WHAT IS EXPECTED: Where the line containing "This Halloween photo" appears, start repeating, and continue exactly through the last line below, adding nothing. Include no pictures.

GIVEN MATERIAL:
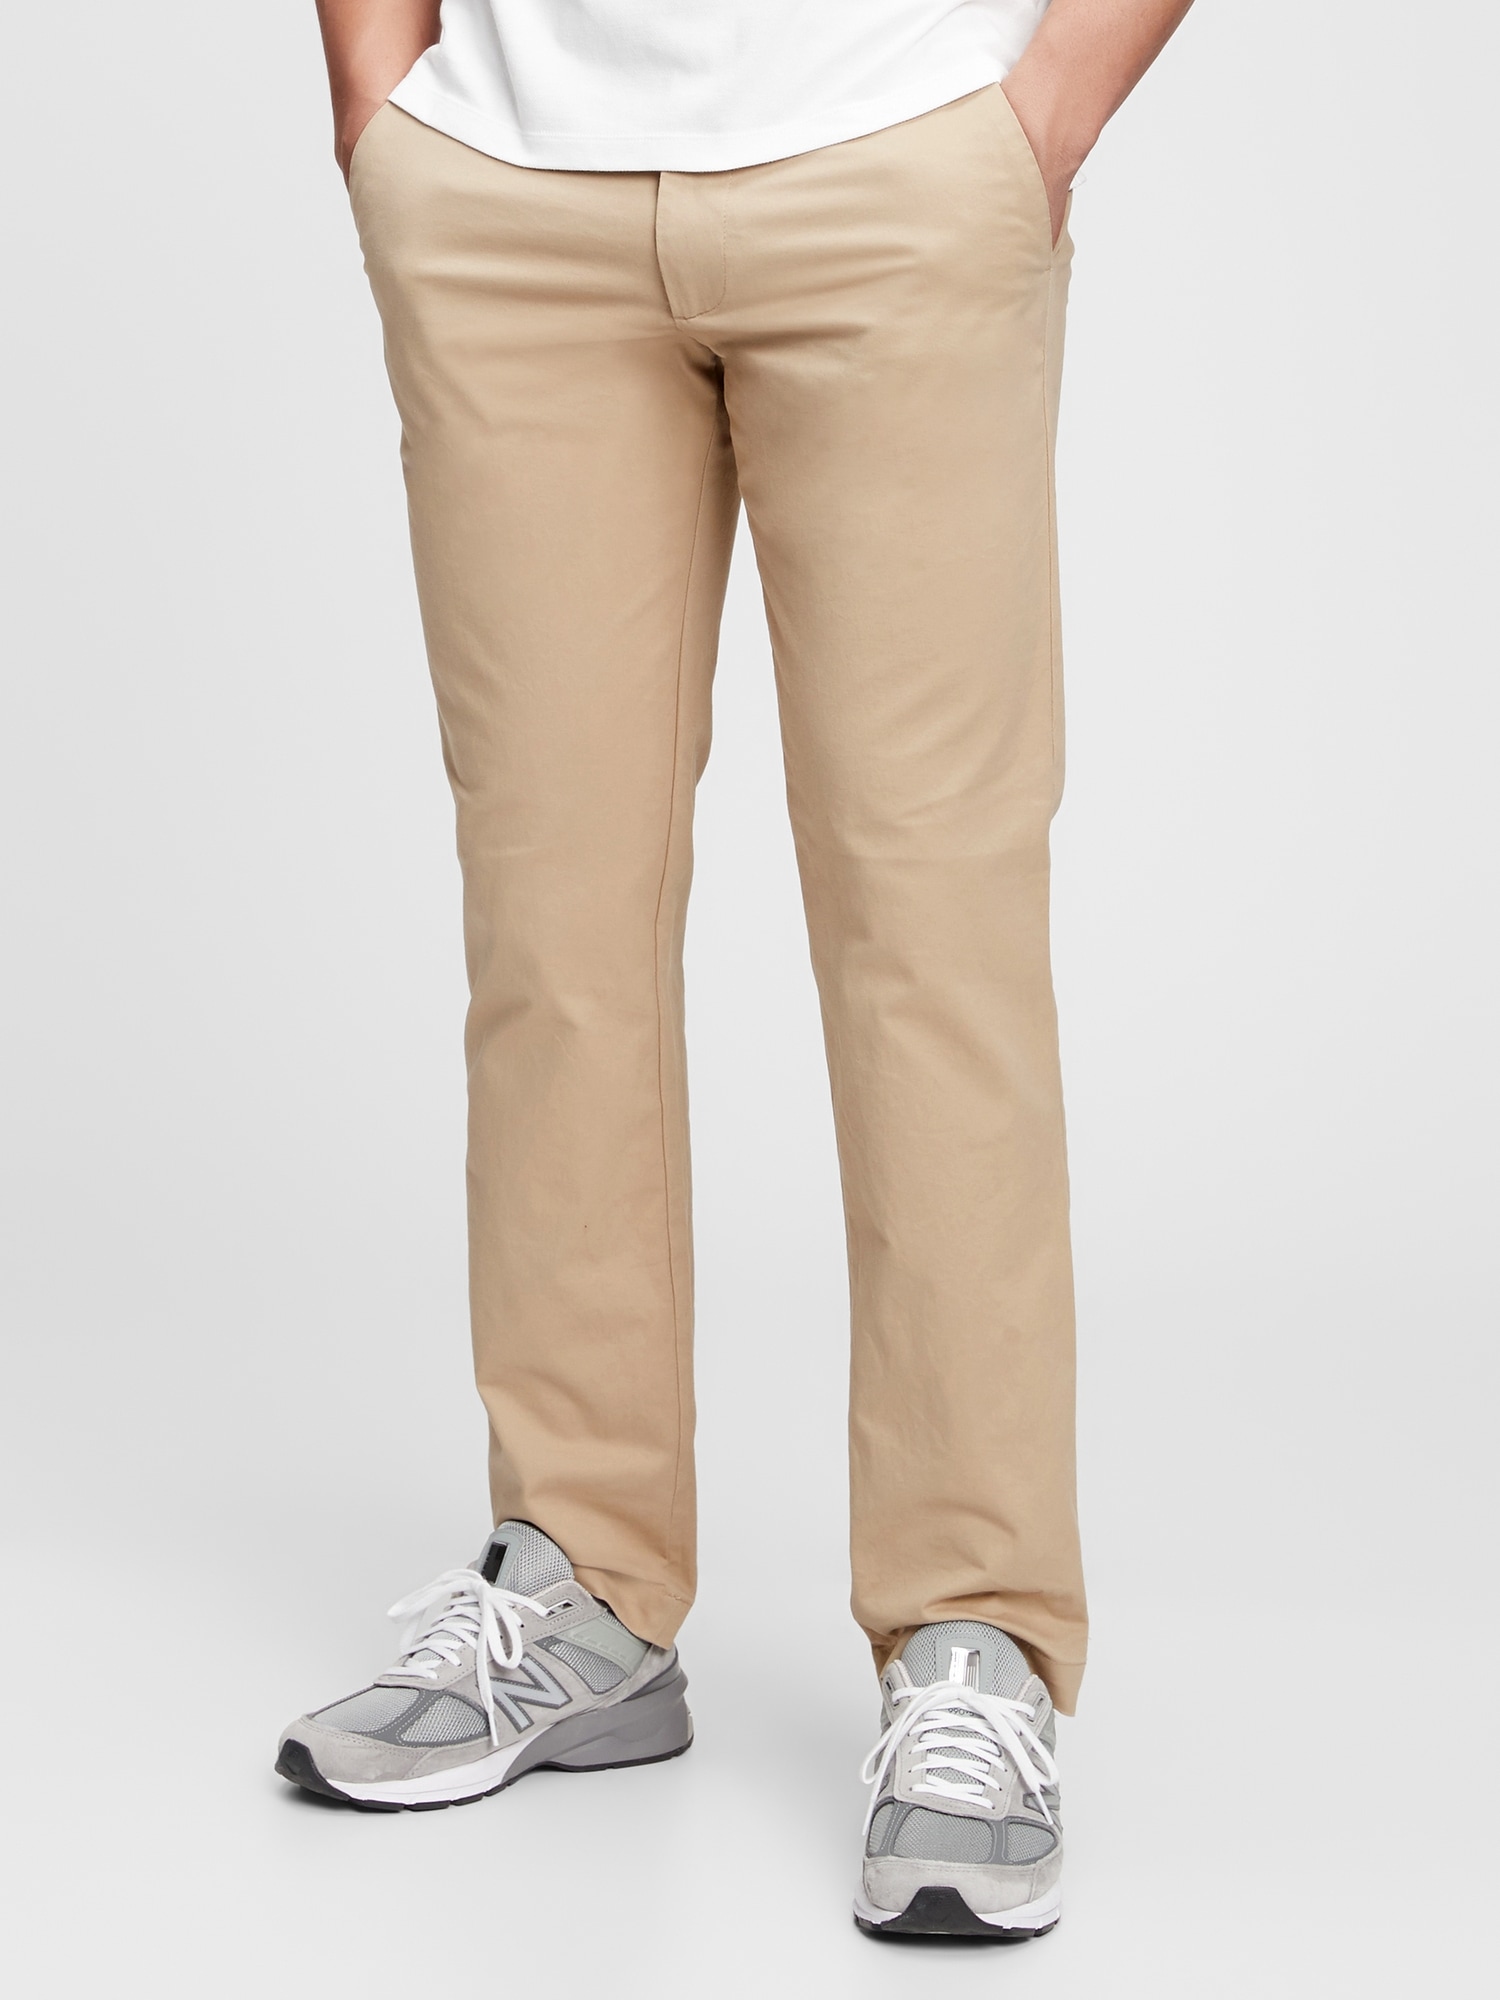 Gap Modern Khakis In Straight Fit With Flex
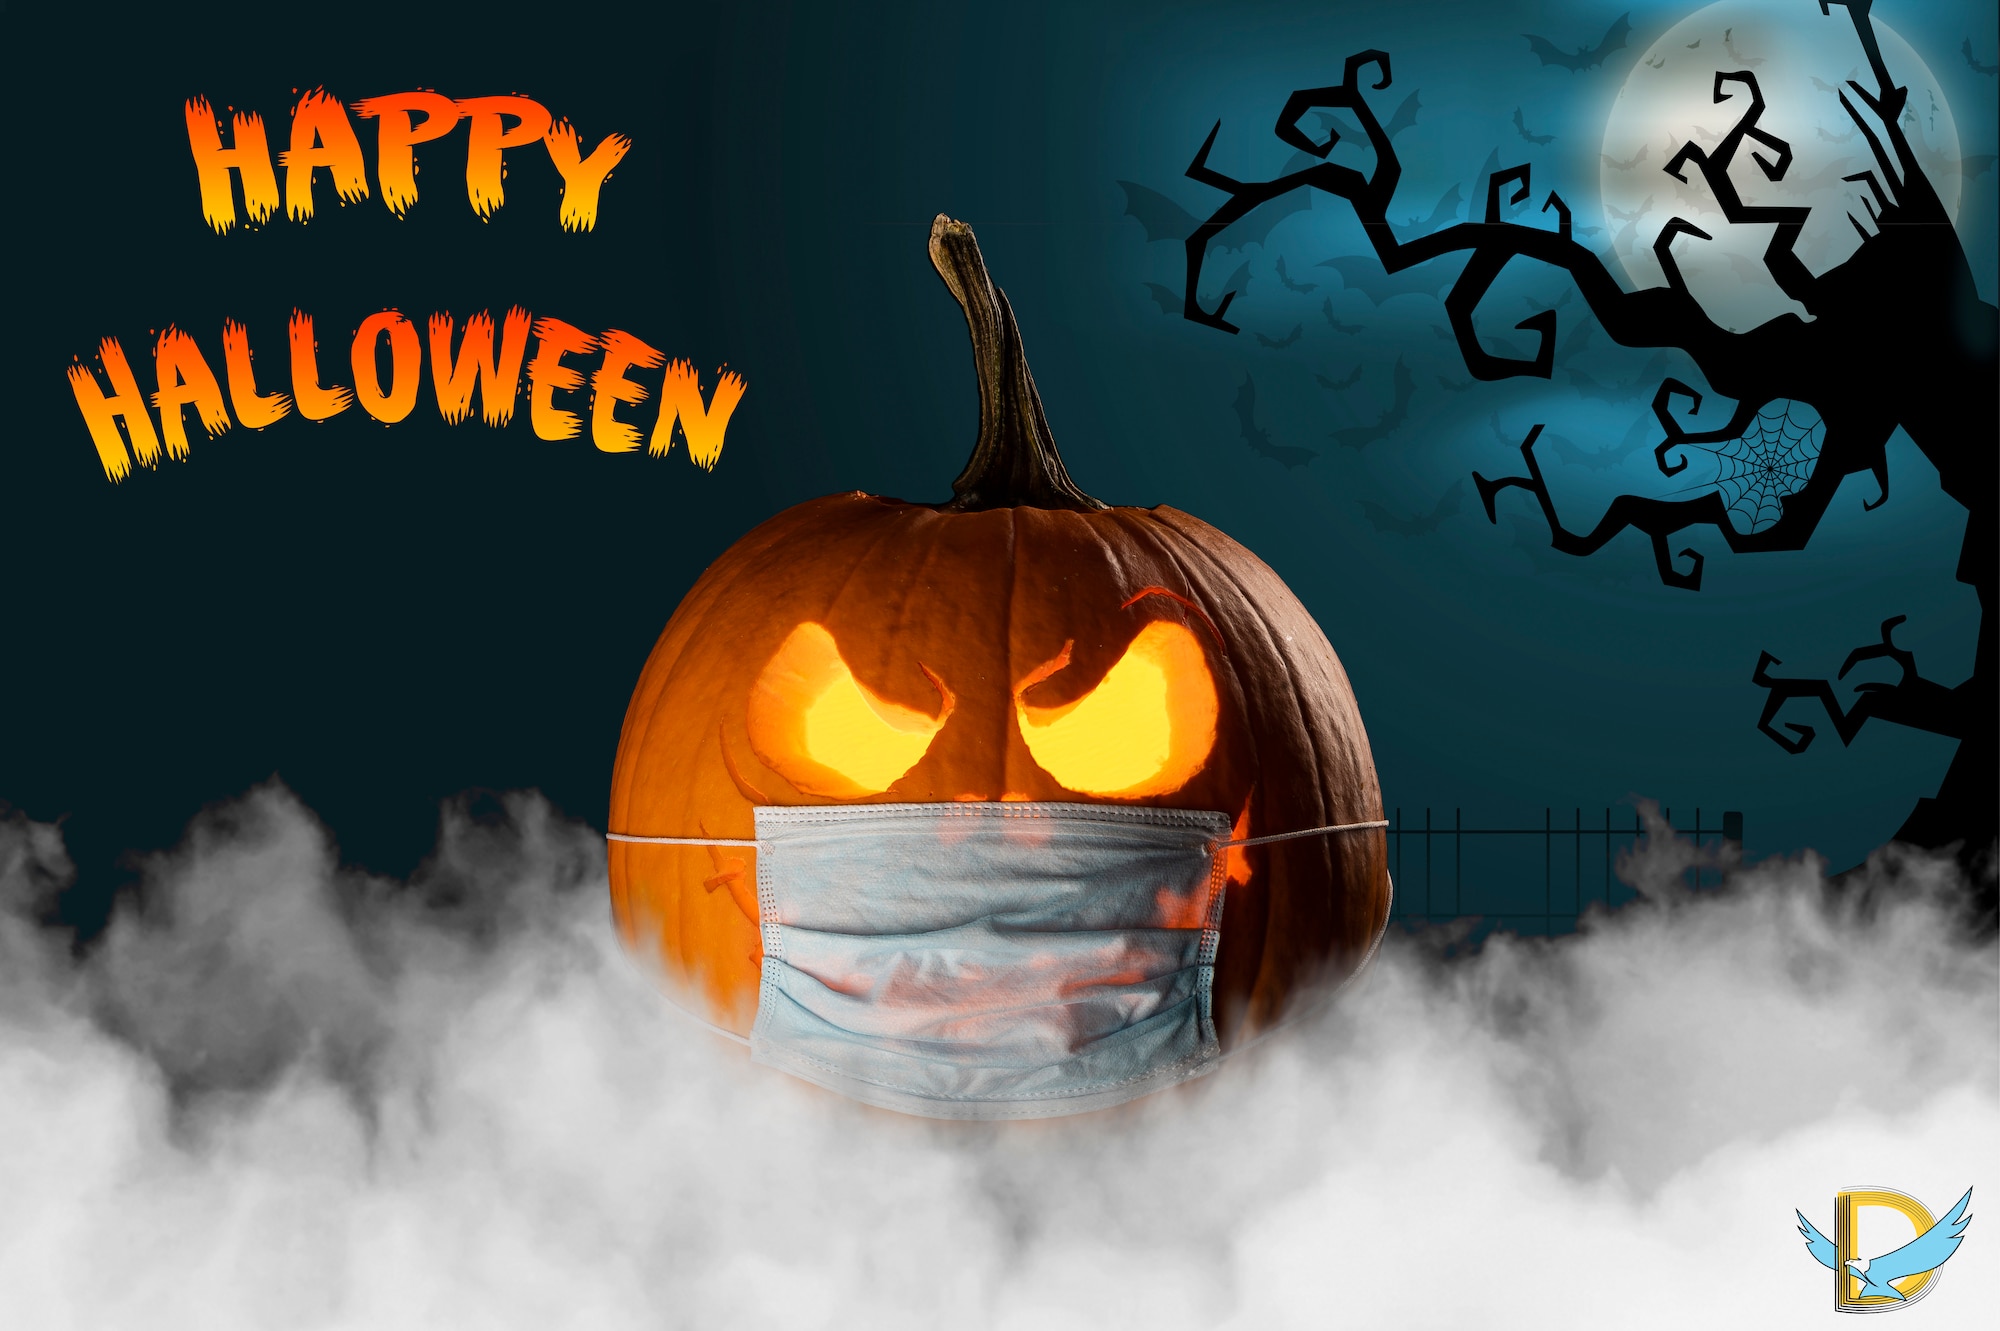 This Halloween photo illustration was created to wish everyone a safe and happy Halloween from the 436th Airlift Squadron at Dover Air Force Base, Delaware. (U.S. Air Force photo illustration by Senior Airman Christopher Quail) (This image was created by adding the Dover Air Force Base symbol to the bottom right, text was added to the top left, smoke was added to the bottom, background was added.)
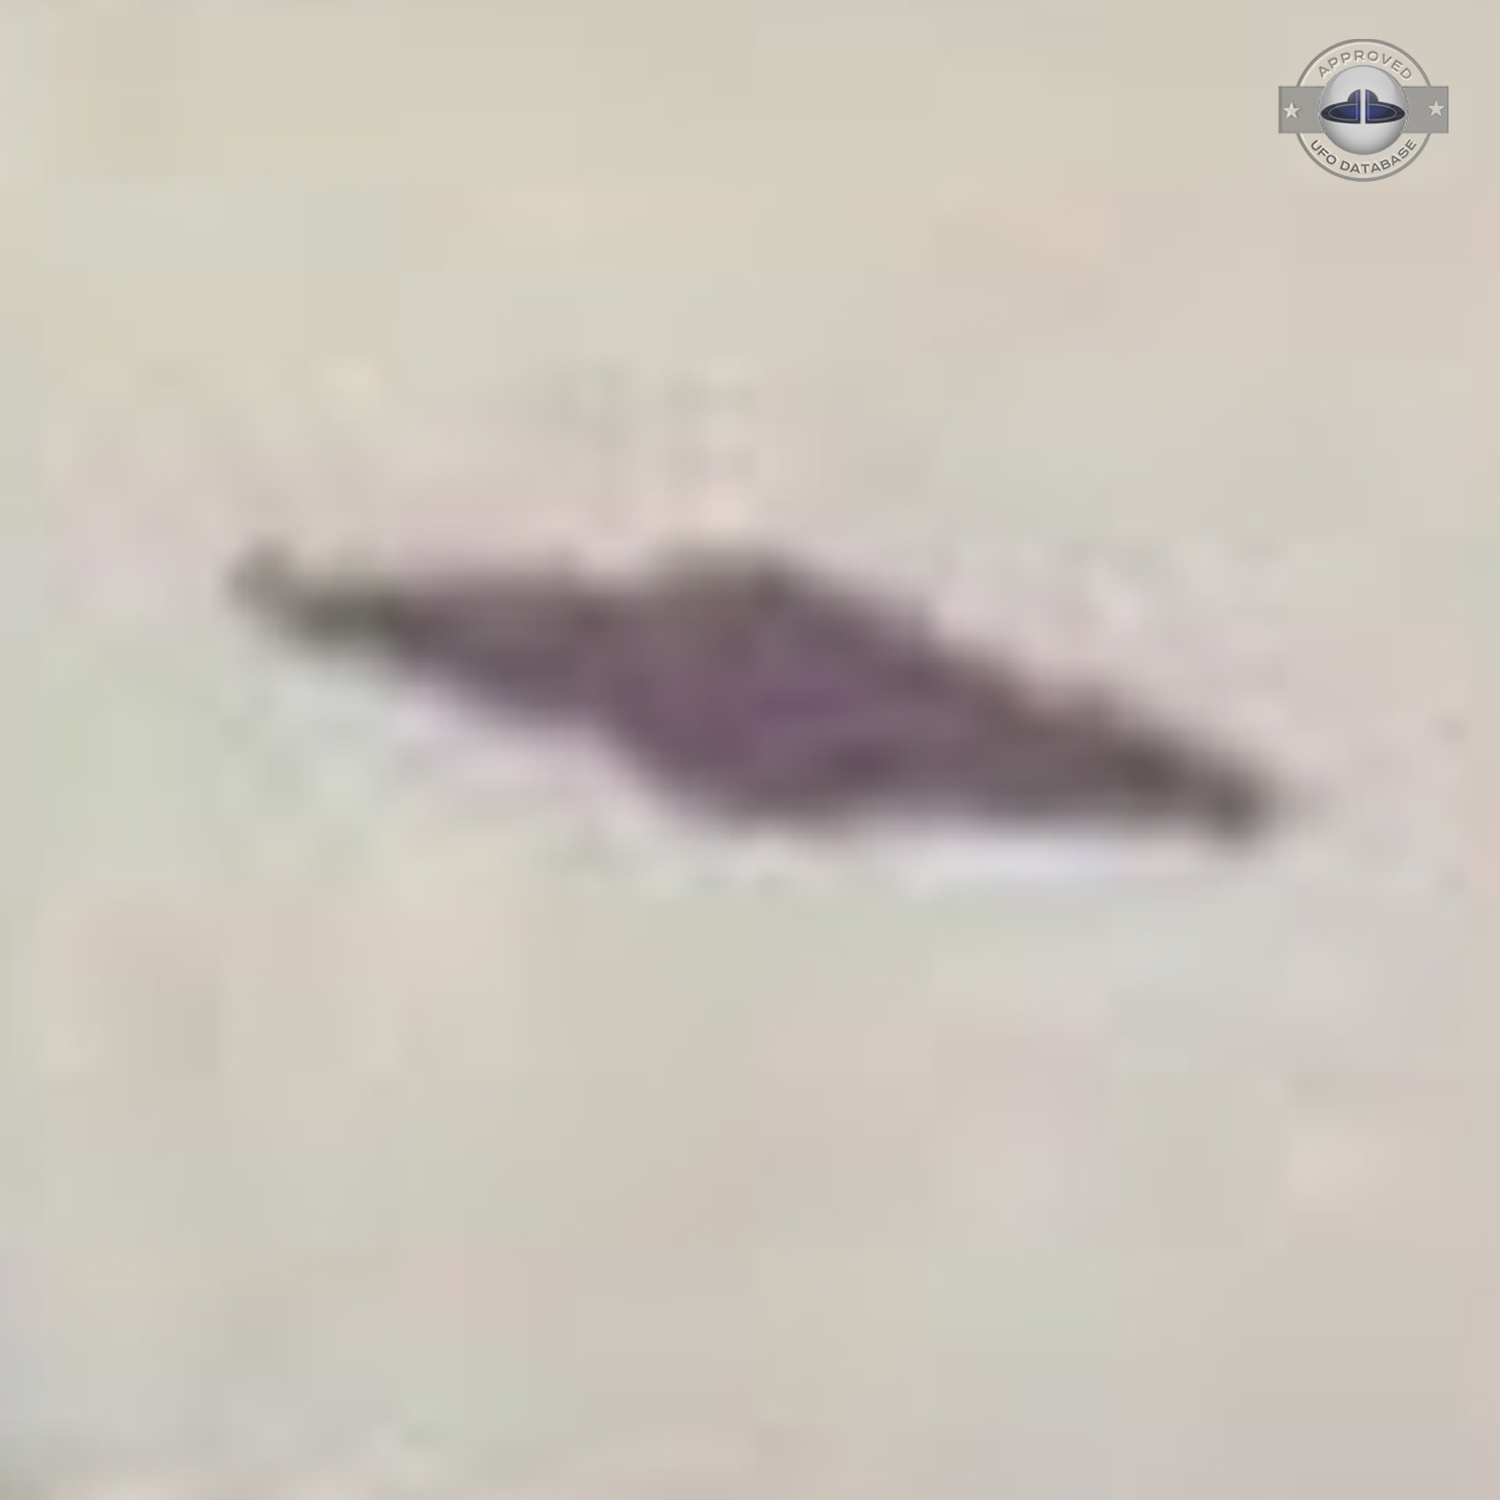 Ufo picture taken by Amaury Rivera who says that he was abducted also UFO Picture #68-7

SOLUTION:
 This Halloween photo illustration was created to wish everyone a safe and happy Halloween from the 436th Airlift Squadron at Dover Air Force Base, Delaware. (U.S. Air Force photo illustration by Senior Airman Christopher Quail) (This image was created by adding the Dover Air Force Base symbol to the bottom right, text was added to the top left, smoke was added to the bottom, background was added.)
 Ufo picture taken by Amaury Rivera who says that he was abducted also UFO Picture #68-7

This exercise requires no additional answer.